### Given data
* * *
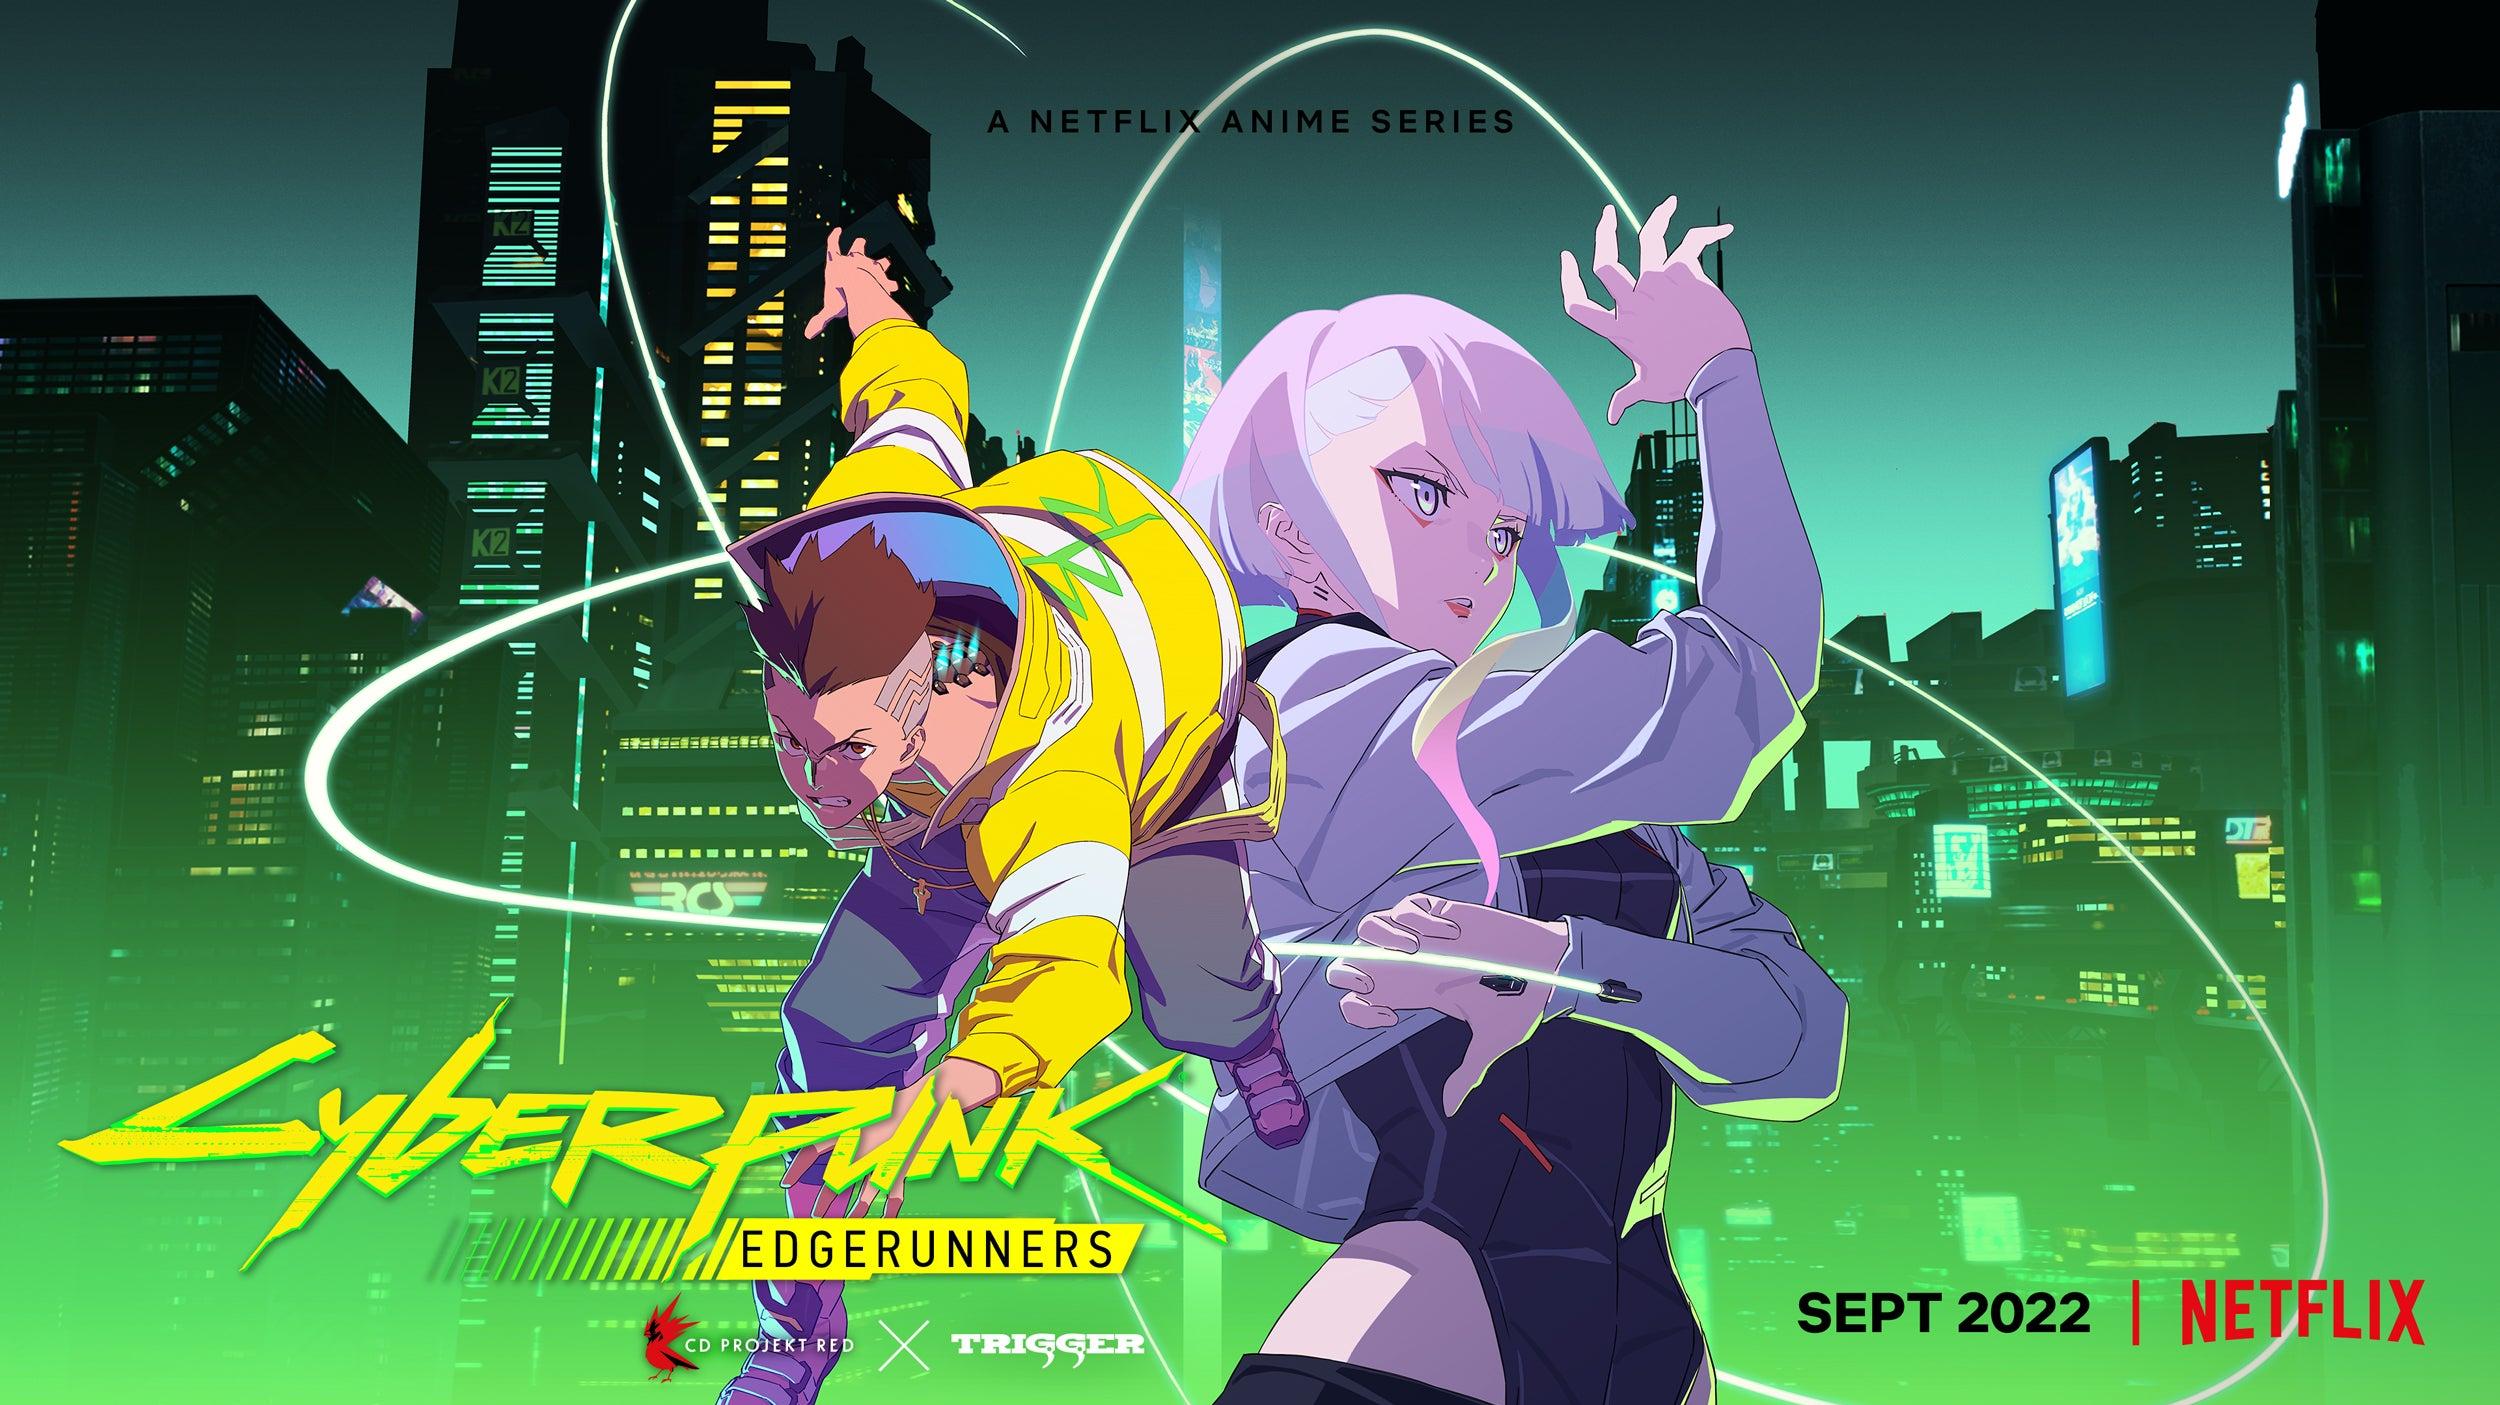 Cyberpunk Edgerunners Flix Series Arrives In September Ign
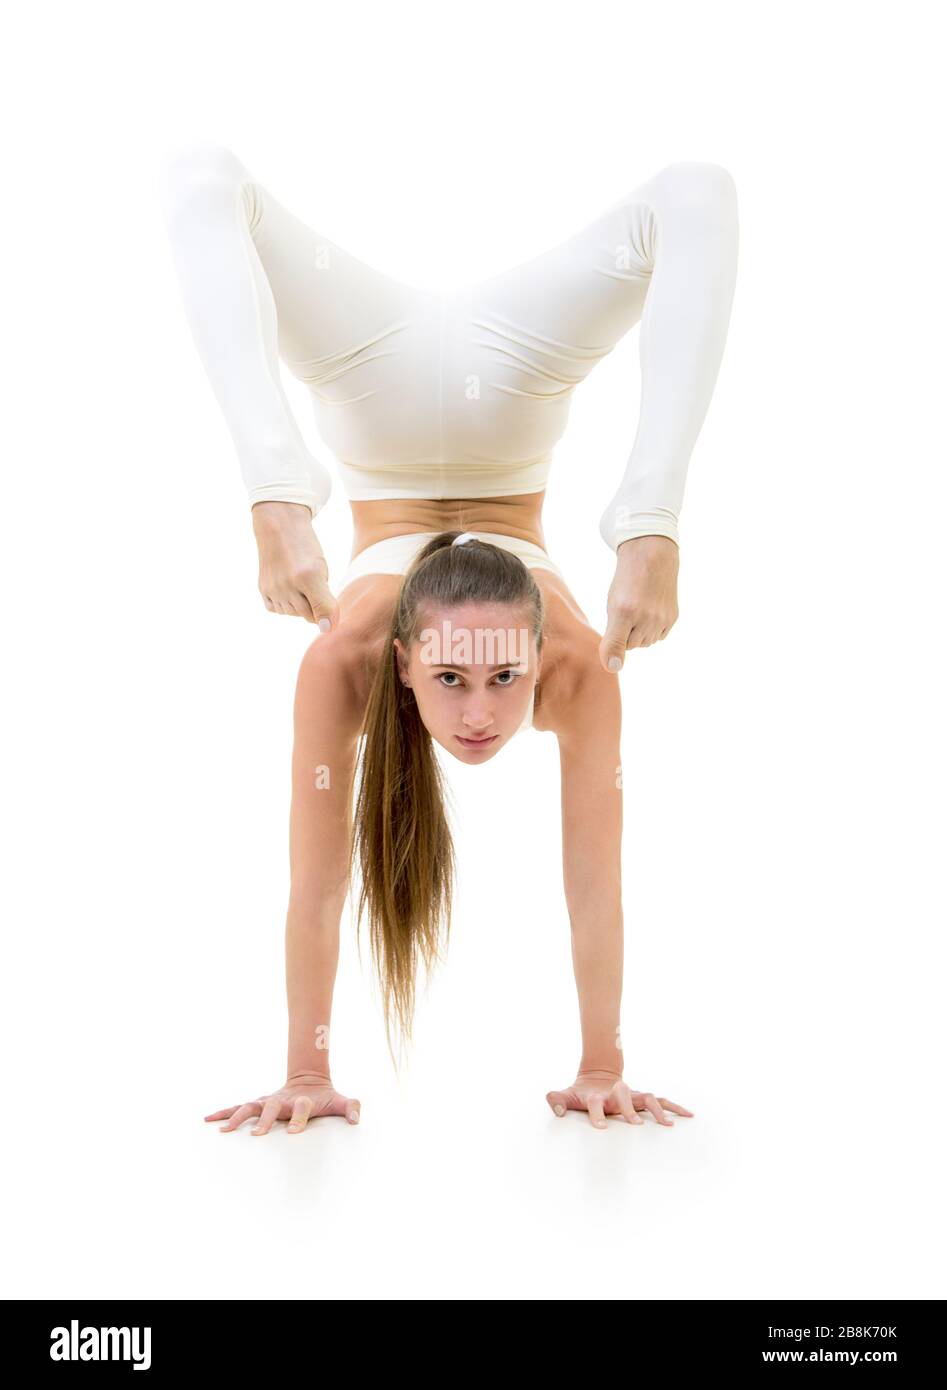 Una giovane donna in tuta bianca esegue elementi acrobatici e yoga. Studio girato su sfondo bianco. Immagine isolata. Foto Stock
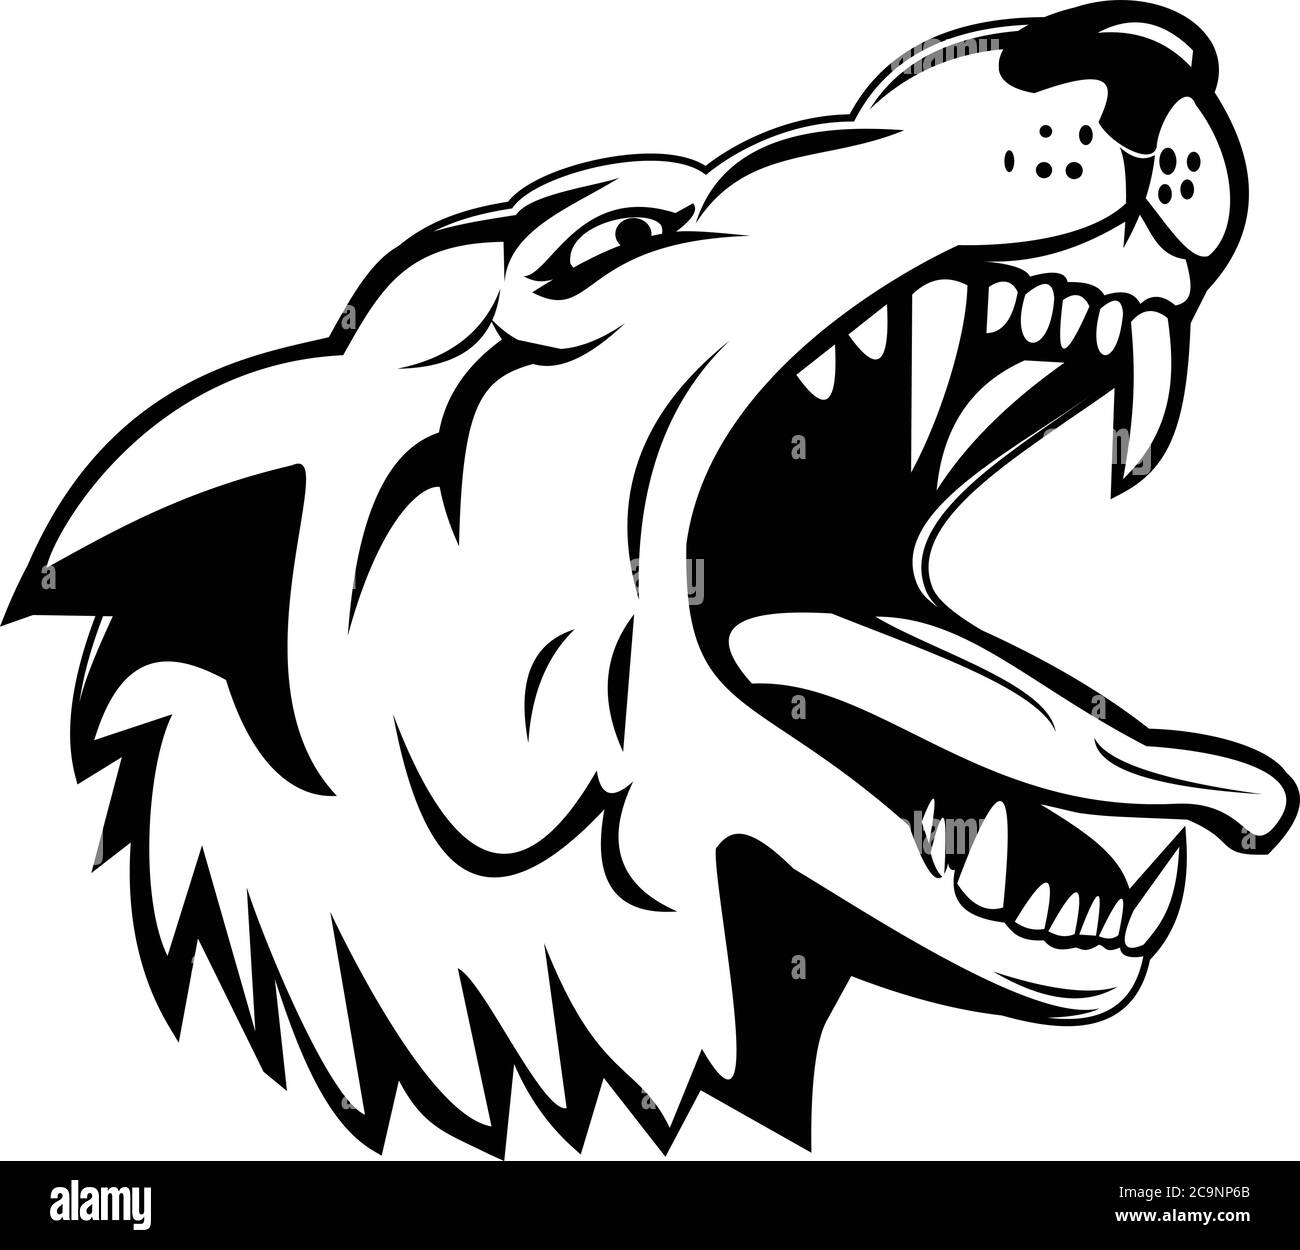 Sport mascotte illustrazione di testa di un lupo aggressivo e arrabbiato, lupo canis, lupo grigio o lupo grigio, un grande canino nativo del Nord America basso AN Illustrazione Vettoriale
* * *
### Directions
Give back the whole listing exactly as written. Do not include any picture.

### Solution to this problem
 Cyberpunk Edgerunners Flix Series Arrives In September Ign
 Una giovane donna in tuta bianca esegue elementi acrobatici e yoga. Studio girato su sfondo bianco. Immagine isolata. Foto Stock
 Sport mascotte illustrazione di testa di un lupo aggressivo e arrabbiato, lupo canis, lupo grigio o lupo grigio, un grande canino nativo del Nord America basso AN Illustrazione Vettoriale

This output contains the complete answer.